Another important SEO benefit is the availability of specific backlinks coming from websites that demonstrate trustworthiness, specifically if links are coming from sources that are included in the DBpedia open knowledge graph. Data has demonstrated that web pages with backlinks from those sources rank higher in SERPs.

Better user experience

The end users will be the ones benefiting the most from the Semantic Web and its underlying technologies. It creates vastly better user experiences when we use search engines to retrieve information and in the way we interact with machines.
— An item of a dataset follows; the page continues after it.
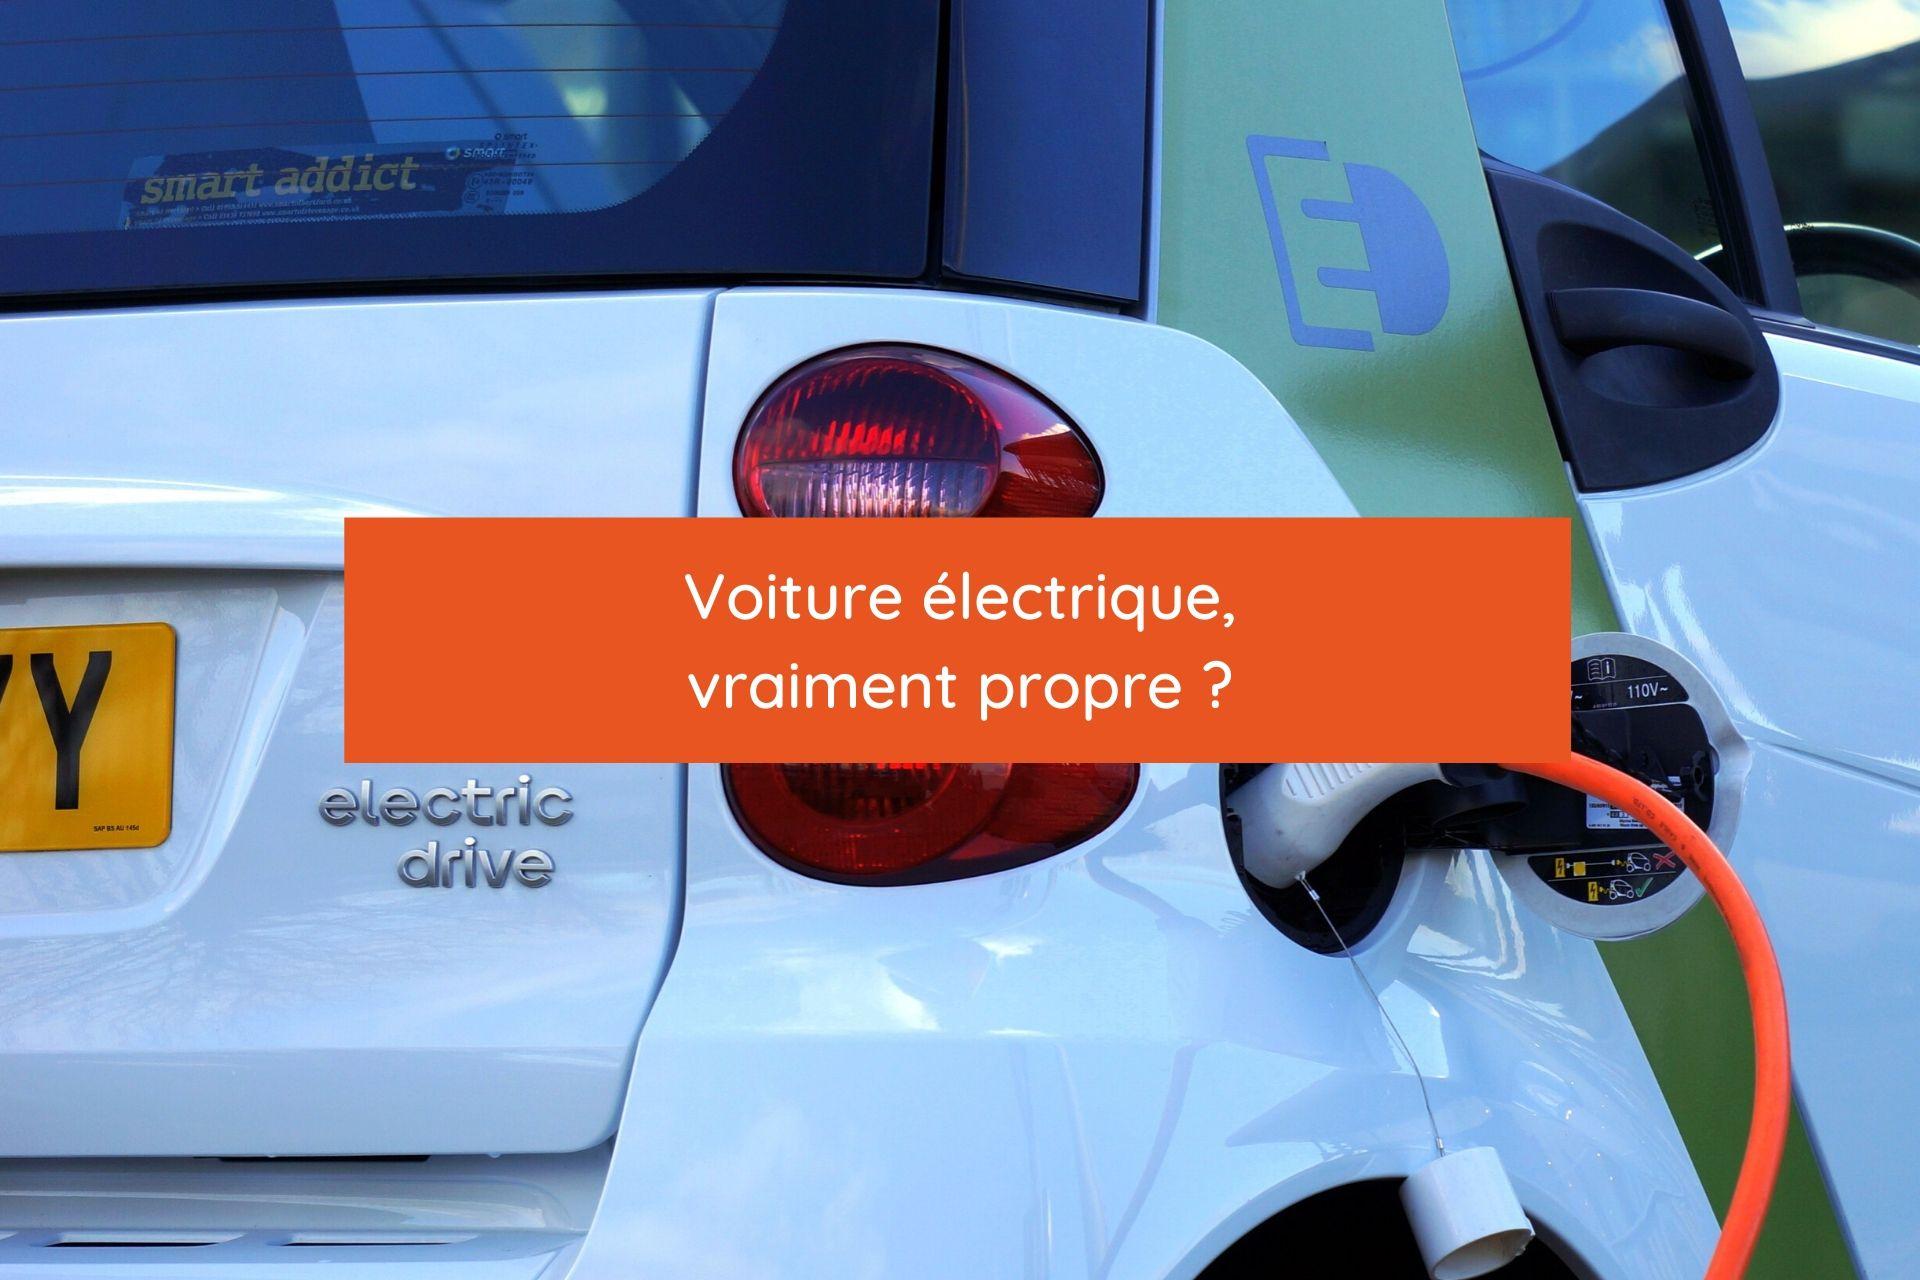 La voiture électrique, vraiment propre ?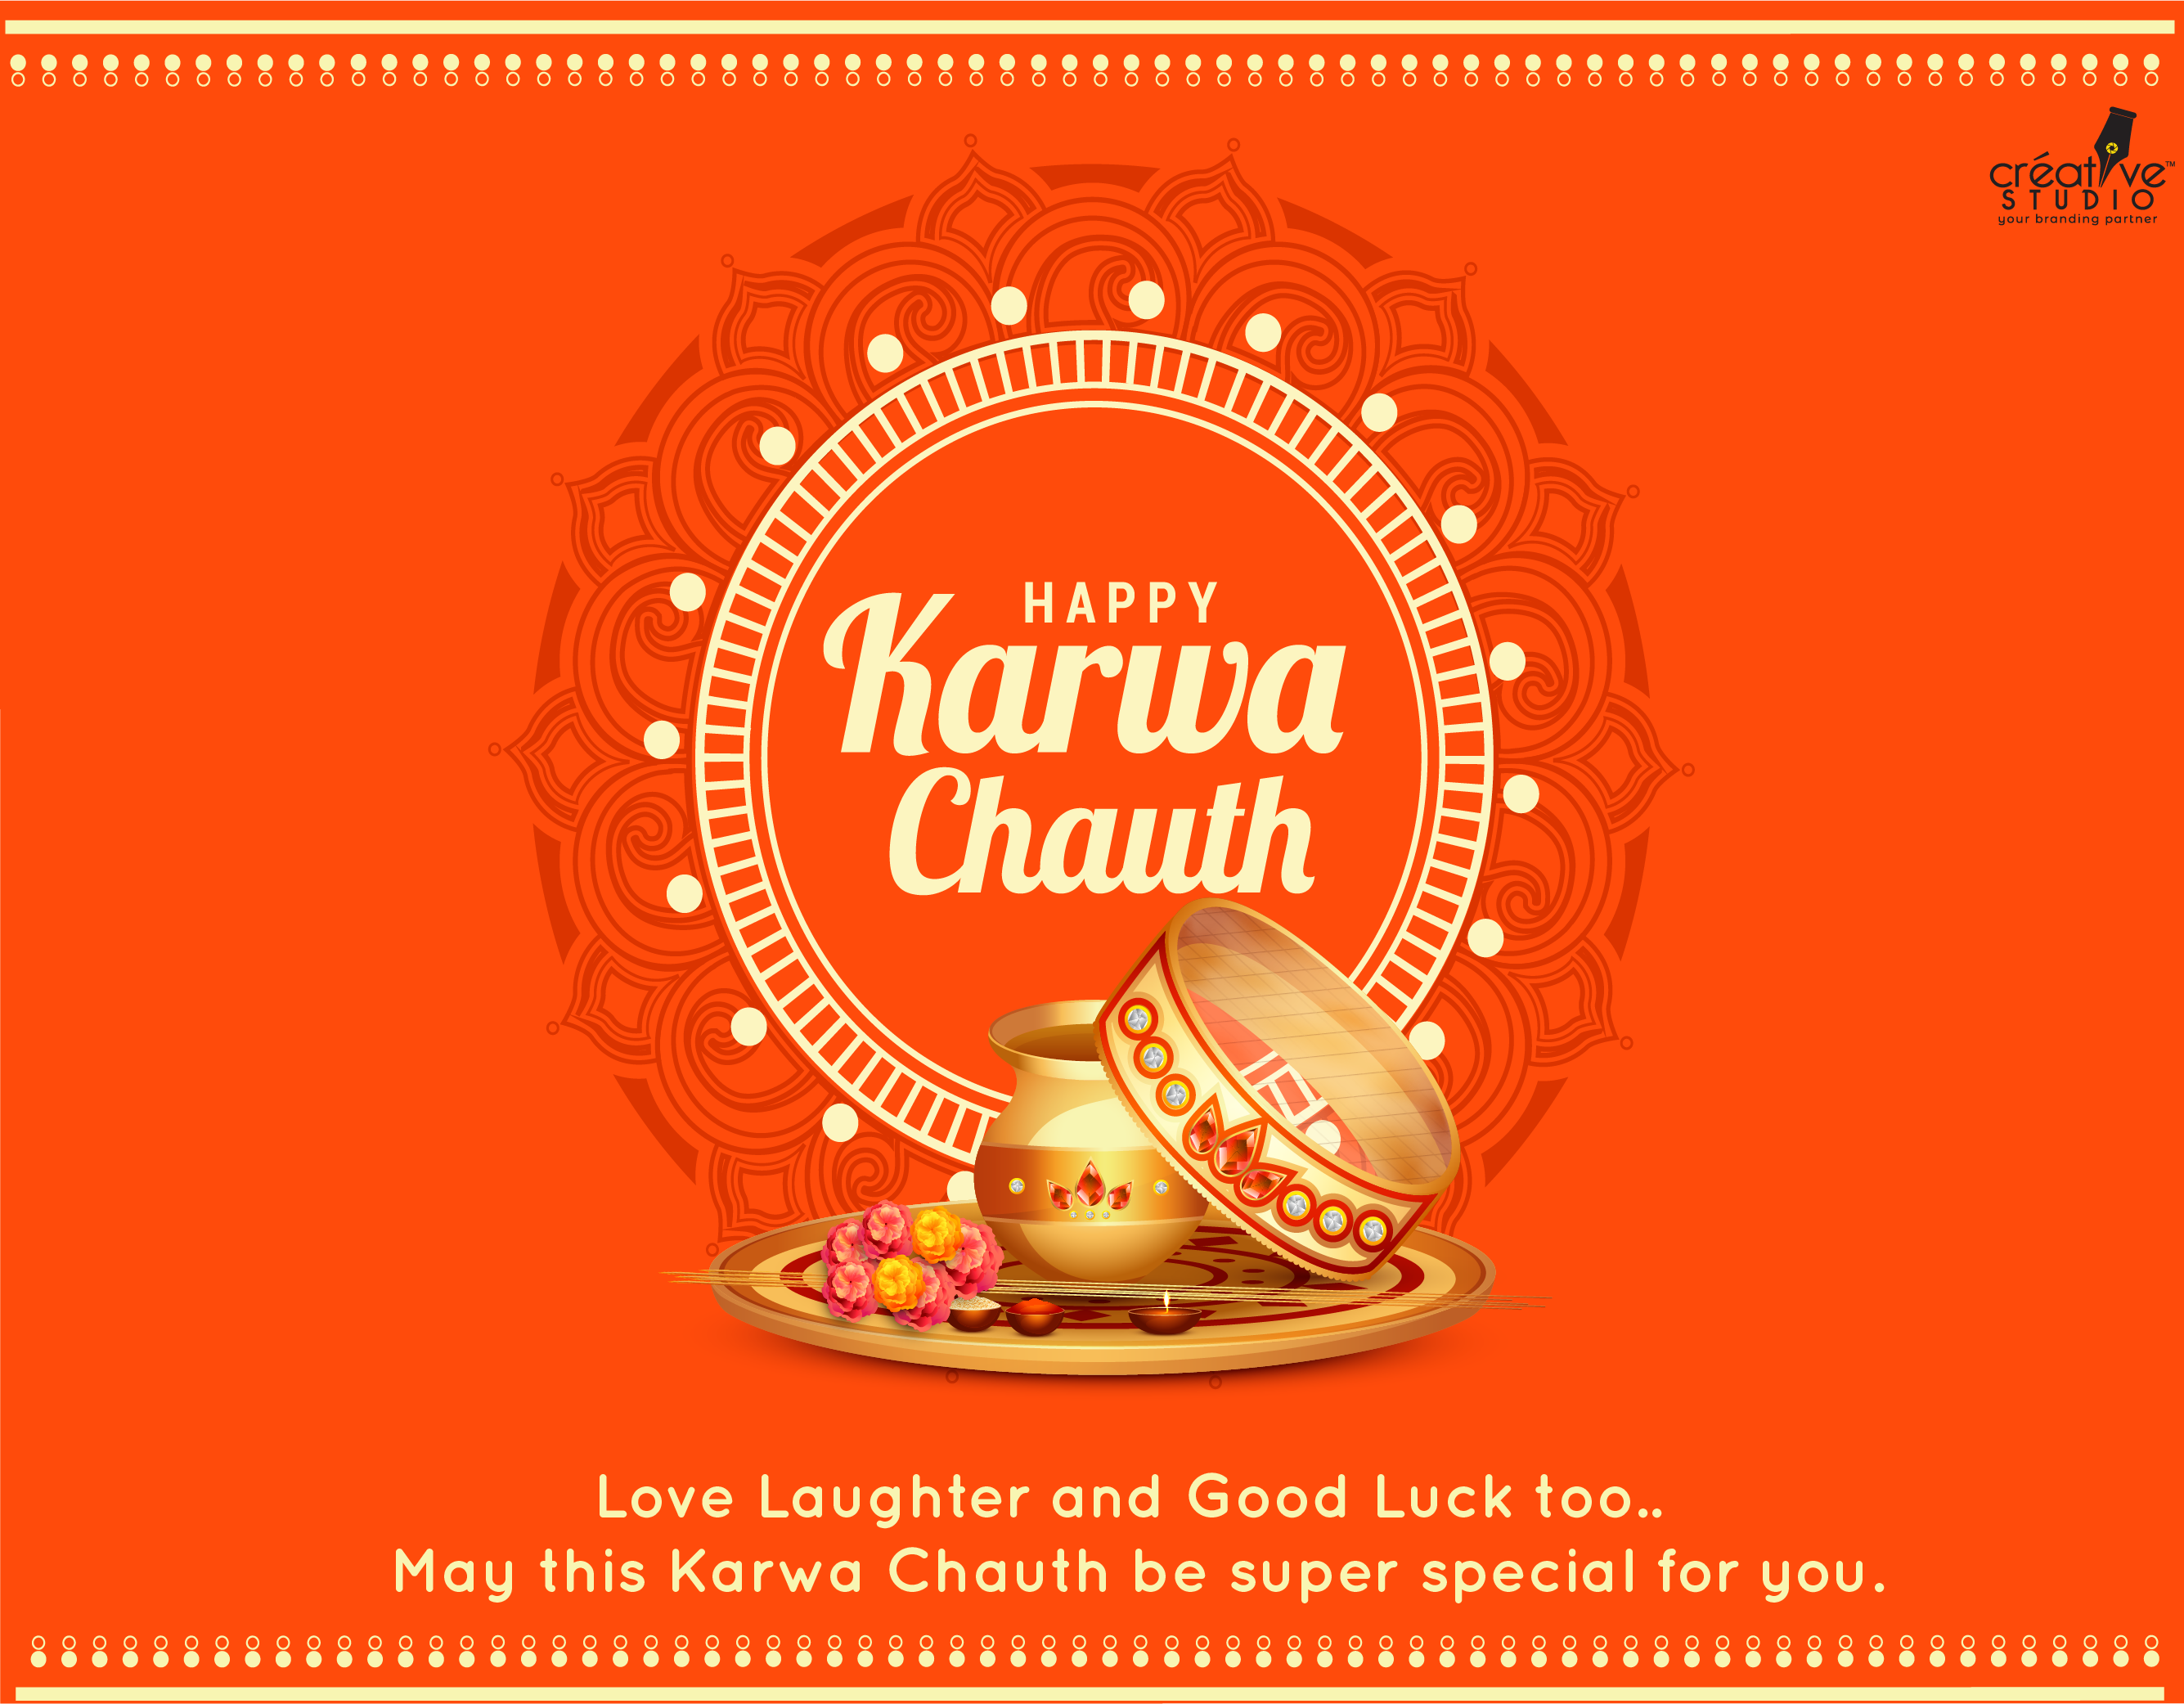 karwa chauth 05 - Karwa Chauth

The Semantic Web not only improves traditional search, but also facilitates more seamless, intelligent, and integrated user experience journeys. For example, with semantically connected and described data, a digital assistant could send users local live music recommendations in their area. This could be possible by gathering and connecting disparate data published on the web like information about nearby venues posted online and linking it to the data about the type of music a user has chosen to share on their online playlists. 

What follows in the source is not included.